## Task objective
Which lines run from the one containing "Elections Departementales 2021" to the end of the entries below? Reproduce them exactly, both ends included.

[Excerpts from a dataset]
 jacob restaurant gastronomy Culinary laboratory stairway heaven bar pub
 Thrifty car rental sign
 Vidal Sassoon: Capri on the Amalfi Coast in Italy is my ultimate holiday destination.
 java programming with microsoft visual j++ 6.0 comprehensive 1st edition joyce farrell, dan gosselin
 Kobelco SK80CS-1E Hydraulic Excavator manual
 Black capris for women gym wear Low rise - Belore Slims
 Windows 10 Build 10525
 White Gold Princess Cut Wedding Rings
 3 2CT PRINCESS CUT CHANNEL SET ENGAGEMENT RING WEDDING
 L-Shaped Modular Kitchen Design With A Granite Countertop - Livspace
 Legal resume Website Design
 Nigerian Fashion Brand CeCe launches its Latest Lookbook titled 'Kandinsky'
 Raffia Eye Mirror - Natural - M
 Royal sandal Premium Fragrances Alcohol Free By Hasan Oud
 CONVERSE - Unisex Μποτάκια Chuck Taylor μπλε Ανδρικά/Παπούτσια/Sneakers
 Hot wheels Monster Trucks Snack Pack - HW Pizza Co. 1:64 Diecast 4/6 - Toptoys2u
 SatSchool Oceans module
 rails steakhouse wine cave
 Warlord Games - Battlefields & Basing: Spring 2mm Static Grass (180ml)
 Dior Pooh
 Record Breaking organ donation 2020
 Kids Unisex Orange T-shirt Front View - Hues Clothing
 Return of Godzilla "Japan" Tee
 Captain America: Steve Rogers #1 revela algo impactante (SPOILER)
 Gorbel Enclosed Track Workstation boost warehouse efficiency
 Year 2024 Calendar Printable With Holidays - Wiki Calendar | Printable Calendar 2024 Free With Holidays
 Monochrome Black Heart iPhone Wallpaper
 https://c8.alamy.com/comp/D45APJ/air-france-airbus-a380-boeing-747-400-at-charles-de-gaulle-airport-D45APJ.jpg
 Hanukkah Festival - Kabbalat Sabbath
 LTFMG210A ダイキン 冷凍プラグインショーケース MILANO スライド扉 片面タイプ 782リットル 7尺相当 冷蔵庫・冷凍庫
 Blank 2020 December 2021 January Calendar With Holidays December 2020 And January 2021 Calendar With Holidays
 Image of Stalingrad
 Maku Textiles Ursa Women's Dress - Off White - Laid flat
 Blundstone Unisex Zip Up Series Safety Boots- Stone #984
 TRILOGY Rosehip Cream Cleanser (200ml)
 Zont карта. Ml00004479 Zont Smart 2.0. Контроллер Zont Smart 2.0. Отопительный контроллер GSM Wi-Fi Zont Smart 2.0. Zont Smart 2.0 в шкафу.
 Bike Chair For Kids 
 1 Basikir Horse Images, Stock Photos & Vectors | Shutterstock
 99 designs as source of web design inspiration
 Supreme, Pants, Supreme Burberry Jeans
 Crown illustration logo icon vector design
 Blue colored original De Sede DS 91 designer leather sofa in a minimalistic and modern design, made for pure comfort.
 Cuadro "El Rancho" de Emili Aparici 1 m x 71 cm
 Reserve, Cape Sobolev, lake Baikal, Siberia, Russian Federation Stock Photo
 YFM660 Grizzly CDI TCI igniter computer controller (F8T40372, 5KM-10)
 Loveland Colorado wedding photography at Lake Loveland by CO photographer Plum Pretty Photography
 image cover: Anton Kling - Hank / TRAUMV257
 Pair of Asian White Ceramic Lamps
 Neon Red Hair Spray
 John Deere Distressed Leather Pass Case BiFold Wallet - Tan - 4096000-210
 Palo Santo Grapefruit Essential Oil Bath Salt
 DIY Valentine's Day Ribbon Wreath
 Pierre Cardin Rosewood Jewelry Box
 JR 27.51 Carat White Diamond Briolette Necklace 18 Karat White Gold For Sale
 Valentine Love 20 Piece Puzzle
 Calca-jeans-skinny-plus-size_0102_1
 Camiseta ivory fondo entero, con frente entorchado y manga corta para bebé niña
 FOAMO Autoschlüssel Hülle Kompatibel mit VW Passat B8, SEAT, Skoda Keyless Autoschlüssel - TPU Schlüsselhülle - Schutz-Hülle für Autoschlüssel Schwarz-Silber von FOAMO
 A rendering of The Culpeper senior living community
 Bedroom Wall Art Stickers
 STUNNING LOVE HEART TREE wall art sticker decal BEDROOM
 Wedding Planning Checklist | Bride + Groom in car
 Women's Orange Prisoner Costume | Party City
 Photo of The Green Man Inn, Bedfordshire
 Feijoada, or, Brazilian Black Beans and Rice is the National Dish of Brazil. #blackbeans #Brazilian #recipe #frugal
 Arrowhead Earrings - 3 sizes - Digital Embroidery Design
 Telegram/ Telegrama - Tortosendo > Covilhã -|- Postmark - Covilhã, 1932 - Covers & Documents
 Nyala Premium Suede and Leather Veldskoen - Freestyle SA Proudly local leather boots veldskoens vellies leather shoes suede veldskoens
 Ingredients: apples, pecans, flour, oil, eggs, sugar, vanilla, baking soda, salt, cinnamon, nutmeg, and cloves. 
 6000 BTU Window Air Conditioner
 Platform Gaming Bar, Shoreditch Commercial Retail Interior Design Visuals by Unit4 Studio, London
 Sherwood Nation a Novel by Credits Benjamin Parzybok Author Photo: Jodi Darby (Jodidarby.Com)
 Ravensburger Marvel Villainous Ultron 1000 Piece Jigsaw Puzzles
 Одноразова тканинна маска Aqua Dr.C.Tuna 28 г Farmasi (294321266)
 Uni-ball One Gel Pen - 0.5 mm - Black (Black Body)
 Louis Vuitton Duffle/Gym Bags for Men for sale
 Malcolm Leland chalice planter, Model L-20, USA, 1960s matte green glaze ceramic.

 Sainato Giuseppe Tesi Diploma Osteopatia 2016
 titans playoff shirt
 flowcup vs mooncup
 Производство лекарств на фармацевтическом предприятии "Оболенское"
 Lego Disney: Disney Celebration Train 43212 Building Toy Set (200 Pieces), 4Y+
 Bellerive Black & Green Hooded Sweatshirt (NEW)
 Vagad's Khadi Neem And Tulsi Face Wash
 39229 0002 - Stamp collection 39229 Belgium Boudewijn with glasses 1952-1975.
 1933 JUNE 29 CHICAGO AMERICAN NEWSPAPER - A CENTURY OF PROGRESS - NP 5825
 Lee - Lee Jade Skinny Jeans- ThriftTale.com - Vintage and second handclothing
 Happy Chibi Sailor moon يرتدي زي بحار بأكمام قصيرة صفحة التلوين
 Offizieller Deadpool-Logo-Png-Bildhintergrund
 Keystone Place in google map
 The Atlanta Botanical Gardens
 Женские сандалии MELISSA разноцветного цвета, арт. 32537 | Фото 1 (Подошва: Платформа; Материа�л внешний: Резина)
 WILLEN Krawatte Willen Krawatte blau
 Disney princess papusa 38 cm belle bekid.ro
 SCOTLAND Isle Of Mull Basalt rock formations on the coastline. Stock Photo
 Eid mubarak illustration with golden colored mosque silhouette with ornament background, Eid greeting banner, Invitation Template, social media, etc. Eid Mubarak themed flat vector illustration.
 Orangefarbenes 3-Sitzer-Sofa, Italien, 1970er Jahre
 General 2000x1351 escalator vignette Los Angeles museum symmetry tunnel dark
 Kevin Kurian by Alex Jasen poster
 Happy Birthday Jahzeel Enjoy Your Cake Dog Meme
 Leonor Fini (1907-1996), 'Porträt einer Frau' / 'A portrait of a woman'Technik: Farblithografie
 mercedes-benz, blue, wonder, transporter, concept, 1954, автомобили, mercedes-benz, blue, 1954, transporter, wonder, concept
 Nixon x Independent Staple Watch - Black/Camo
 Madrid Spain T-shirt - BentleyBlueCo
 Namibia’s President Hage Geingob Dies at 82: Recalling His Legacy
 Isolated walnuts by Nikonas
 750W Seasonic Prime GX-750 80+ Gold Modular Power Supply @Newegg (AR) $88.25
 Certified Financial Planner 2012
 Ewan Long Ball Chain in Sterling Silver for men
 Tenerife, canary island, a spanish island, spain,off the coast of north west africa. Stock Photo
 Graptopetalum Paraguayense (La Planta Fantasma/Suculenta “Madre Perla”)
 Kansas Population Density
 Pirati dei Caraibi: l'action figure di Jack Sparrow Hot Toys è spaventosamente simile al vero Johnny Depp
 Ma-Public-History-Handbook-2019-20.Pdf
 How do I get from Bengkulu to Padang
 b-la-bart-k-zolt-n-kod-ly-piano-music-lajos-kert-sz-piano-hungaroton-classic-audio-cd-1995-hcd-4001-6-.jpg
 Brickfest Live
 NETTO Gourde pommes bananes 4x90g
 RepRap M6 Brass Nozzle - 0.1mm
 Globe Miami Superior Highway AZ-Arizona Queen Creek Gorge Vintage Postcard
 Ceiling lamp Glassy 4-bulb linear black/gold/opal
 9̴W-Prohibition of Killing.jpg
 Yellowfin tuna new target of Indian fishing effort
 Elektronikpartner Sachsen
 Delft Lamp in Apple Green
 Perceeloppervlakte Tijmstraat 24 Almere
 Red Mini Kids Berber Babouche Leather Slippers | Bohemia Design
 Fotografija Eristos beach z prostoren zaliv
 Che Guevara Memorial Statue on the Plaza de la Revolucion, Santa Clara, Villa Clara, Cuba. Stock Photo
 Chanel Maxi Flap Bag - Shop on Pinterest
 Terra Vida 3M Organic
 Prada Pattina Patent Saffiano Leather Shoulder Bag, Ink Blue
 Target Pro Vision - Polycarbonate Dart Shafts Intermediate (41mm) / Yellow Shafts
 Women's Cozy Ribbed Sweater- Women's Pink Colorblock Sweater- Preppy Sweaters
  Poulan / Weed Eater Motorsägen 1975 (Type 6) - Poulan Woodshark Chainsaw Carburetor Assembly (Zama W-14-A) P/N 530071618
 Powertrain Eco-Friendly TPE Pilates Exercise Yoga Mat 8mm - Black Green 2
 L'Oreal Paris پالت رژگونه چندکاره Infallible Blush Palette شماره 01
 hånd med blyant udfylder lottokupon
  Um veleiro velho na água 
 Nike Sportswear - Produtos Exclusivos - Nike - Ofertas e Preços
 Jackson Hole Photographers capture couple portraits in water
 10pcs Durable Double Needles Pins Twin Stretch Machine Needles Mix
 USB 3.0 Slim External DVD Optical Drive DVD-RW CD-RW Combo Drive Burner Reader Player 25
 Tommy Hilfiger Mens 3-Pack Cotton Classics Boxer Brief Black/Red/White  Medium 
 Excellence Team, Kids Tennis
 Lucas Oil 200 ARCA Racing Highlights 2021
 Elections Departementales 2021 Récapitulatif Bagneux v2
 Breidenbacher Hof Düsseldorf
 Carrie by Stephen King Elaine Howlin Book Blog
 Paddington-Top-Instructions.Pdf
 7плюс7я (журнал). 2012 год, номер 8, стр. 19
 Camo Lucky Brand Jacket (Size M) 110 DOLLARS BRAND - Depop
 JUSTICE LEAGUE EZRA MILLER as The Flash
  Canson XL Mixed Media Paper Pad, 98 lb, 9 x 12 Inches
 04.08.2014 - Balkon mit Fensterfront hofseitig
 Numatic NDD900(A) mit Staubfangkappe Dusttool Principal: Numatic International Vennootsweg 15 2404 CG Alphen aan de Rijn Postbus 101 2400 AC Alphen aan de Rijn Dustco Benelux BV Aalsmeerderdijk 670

## Response to the exercise
 Elections Departementales 2021 Récapitulatif Bagneux v2
 Breidenbacher Hof Düsseldorf
 Carrie by Stephen King Elaine Howlin Book Blog
 Paddington-Top-Instructions.Pdf
 7плюс7я (журнал). 2012 год, номер 8, стр. 19
 Camo Lucky Brand Jacket (Size M) 110 DOLLARS BRAND - Depop
 JUSTICE LEAGUE EZRA MILLER as The Flash
  Canson XL Mixed Media Paper Pad, 98 lb, 9 x 12 Inches
 04.08.2014 - Balkon mit Fensterfront hofseitig
 Numatic NDD900(A) mit Staubfangkappe Dusttool Principal: Numatic International Vennootsweg 15 2404 CG Alphen aan de Rijn Postbus 101 2400 AC Alphen aan de Rijn Dustco Benelux BV Aalsmeerderdijk 670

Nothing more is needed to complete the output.